Pub Date : 2026-03-01Epub Date: 2025-11-27DOI: 10.1007/s43390-025-01216-7
Ahmad Almahozi, Anton Früh, Tarik Alp Sargut, Tizian Rosenstock, Claudius Jelgersma, Anna L Roethe, Dimitri Tkatschenko, Peter Truckenmueller, Joan Alsolivany, Kiarash Ferdowssian, Nils Hecht, Peter Vajkoczy, Lars Wessels
Background: Accurate assessment of spinopelvic alignment is essential for managing adult spinal deformities. This study validates the Brainlab Elements Spine Planning software for automated measurement of spinopelvic parameters, comparing it with manual methods.

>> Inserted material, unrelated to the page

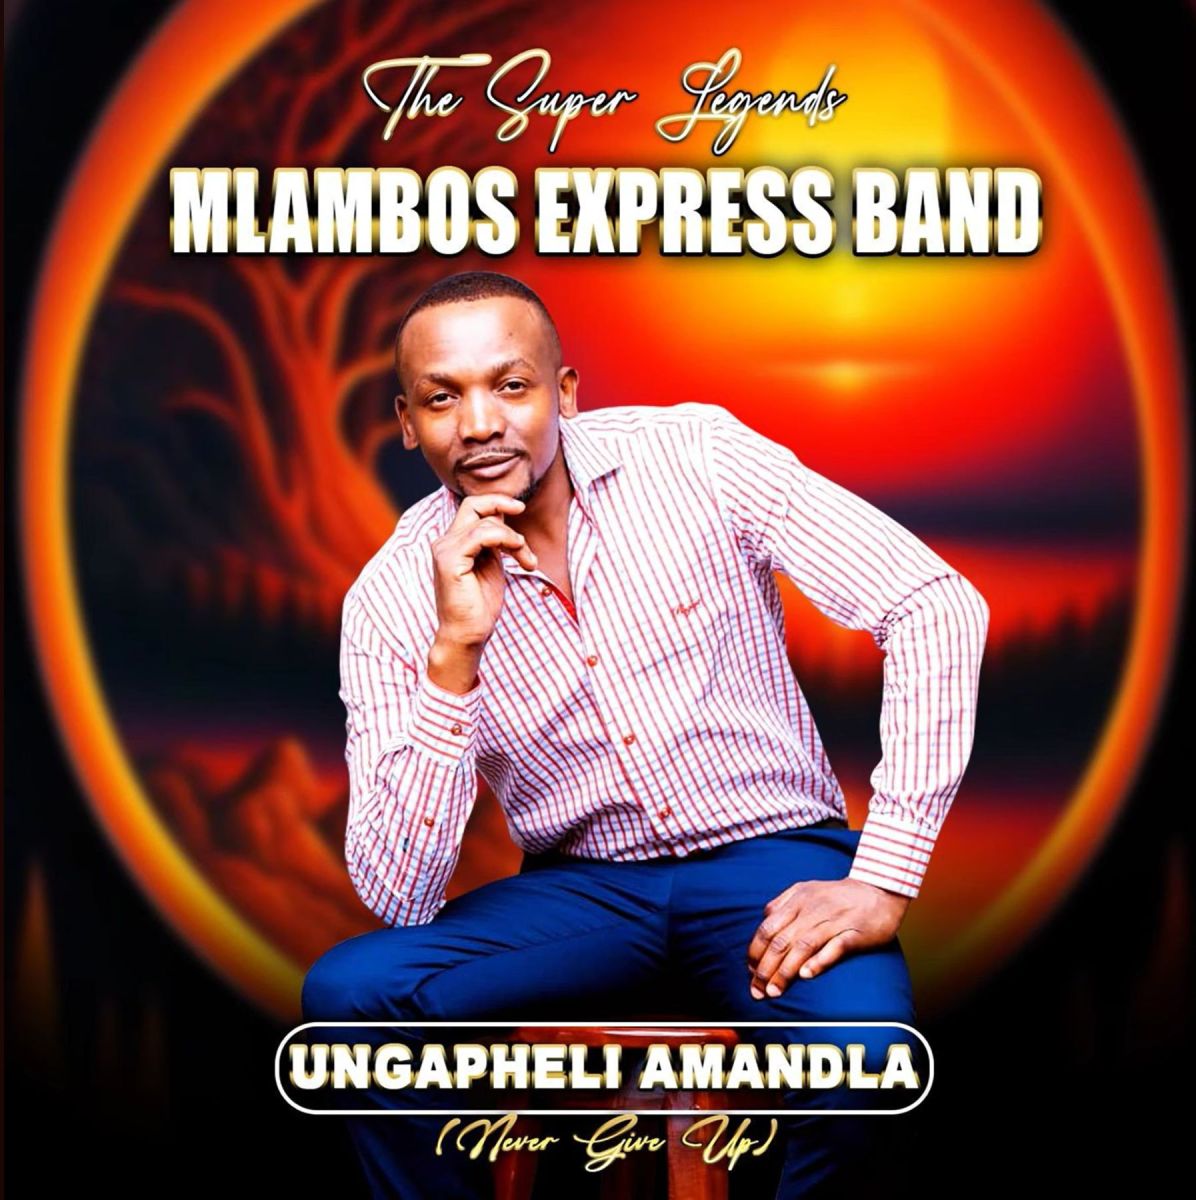 Mlambos Express Band - Ungapheli Amandla (Never Give Up) Album 1

Methods: Spinopelvic parameters were measured manually and with the software in 21 patients with degenerative spinal disease, including instrumented and non-instrumented spines. Accuracy, intraobserver, and interobserver reliability were evaluated using Bland-Altman plots and intraclass correlation coefficients (ICCs). Measurement times were also compared.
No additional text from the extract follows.